The computer-centric approach dominated synthesis for a decade or more, but by the 2010s, improved electronics manufacturing, smartphone technology, and the open-source movement led to lower cost modular synthesizers. Additionally, the Eurorack standard11 was widely adopted, leading to +10,000 interoperable modules.12 As a result, modular synthesis saw a resurgence in popularity. Figure 1.7 shows a Eurorack modular synthesizer.
Figure 1.7: A Eurorack modular synthesizer. The different modules designs and logos reflect the adoption of the Eurorack standard which makes modules from different manufacturers interoperable. Image © Paul Anthony/CC-BY-SA-4.0.
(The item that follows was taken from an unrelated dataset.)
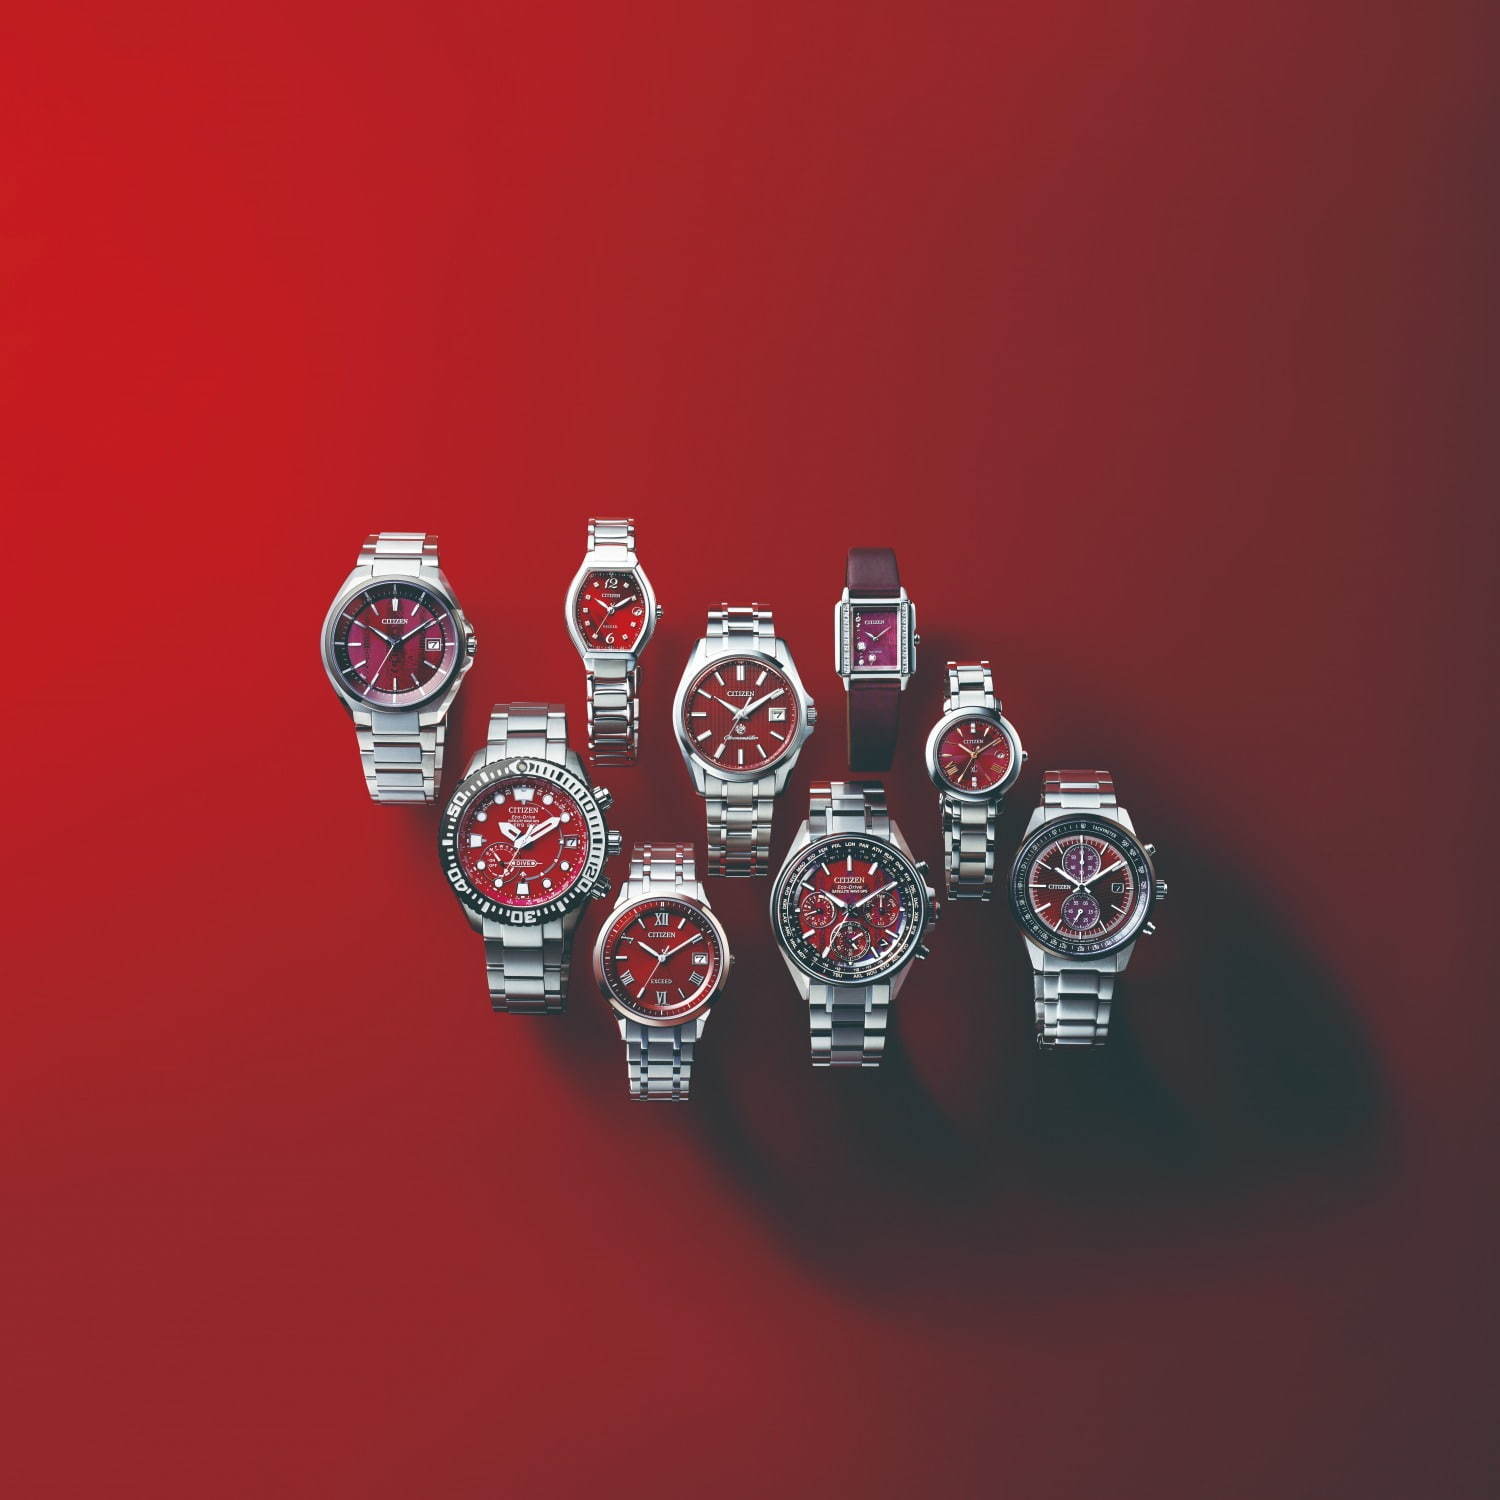 シチズン 情熱の赤 テーマの新作腕時計9型 赤い文字板に 星 や高層ビル群などデザイン ファッションプレス

It is perhaps surprising that some 60 years after its creation, modular synthesis is more popular than ever. One possible reason is the reduction in price over time, shown in Table 1.1. However, other trends seem to be at work. While the modular synthesizer was simplified for wider adoption early in its history, first with semi-modular and later with digital synthesizers, the culmination of this trend led to large preset and sample banks that transformed the task of creating a specific sound to searching for a pre-made sound. It's plausible that as the search for sounds became more intensive, the time savings of presets diminished, making the modular approach more attractive. An intersecting trend is a commonly-expressed dissatisfaction with using computers for every aspect of music making and a corresponding return to hardware instruments, including modular.
| Decade | Synthesizer | Cost |
|---|---|---|
| 1960s | Moog modular synthesizer | $96,000 |
| 1970s | Minimoog semi-modular | $10,000 |
| 1980s | Yamaha DX7 | $6,000 |
| 1990s | Gateway computer with Cubase | $8,000 |
| 2010s | ALM System Coupe modular | $2,400 |
| ... | VCVRack virtual modular | Free |
Earlier in this chapter, I argued that a computational thinking approach to modular could help with other synthesizers and studio production tools. Hopefully this brief history helps explain why: modular represents the building blocks of synthesis that later approaches have appropriated and presented in their own way. A square wave oscillator in modular is fundamentally the same as that in another hardware synth or DAW software. If you understand these building blocks in modular, you should understand them everywhere.
1.4 Moving forward
The next two chapters will focus on "understanding the problem." Chapter 2 reviews both the physics of sound and our perception of it, which perhaps surprisingly, are not the same. From there we move into sounds commonly found in music and their properties, ranging from harmonic sounds to inharmonic sounds like percussion in Chapter 3.
Modular synthesis is properly introduced in Chapter 4 with an overview of modules and how they connect together. This is the foundation of the "make a plan" stage of problem solving. The remainder of the book alternates between learning model elements (modules), how they interact (patches), problem solving (sound design). The progressive Modules and Sound Design sections build up from basic approaches to the more complex. By the time we're done, you should have a good foundation to create patches to solve new sound design problems.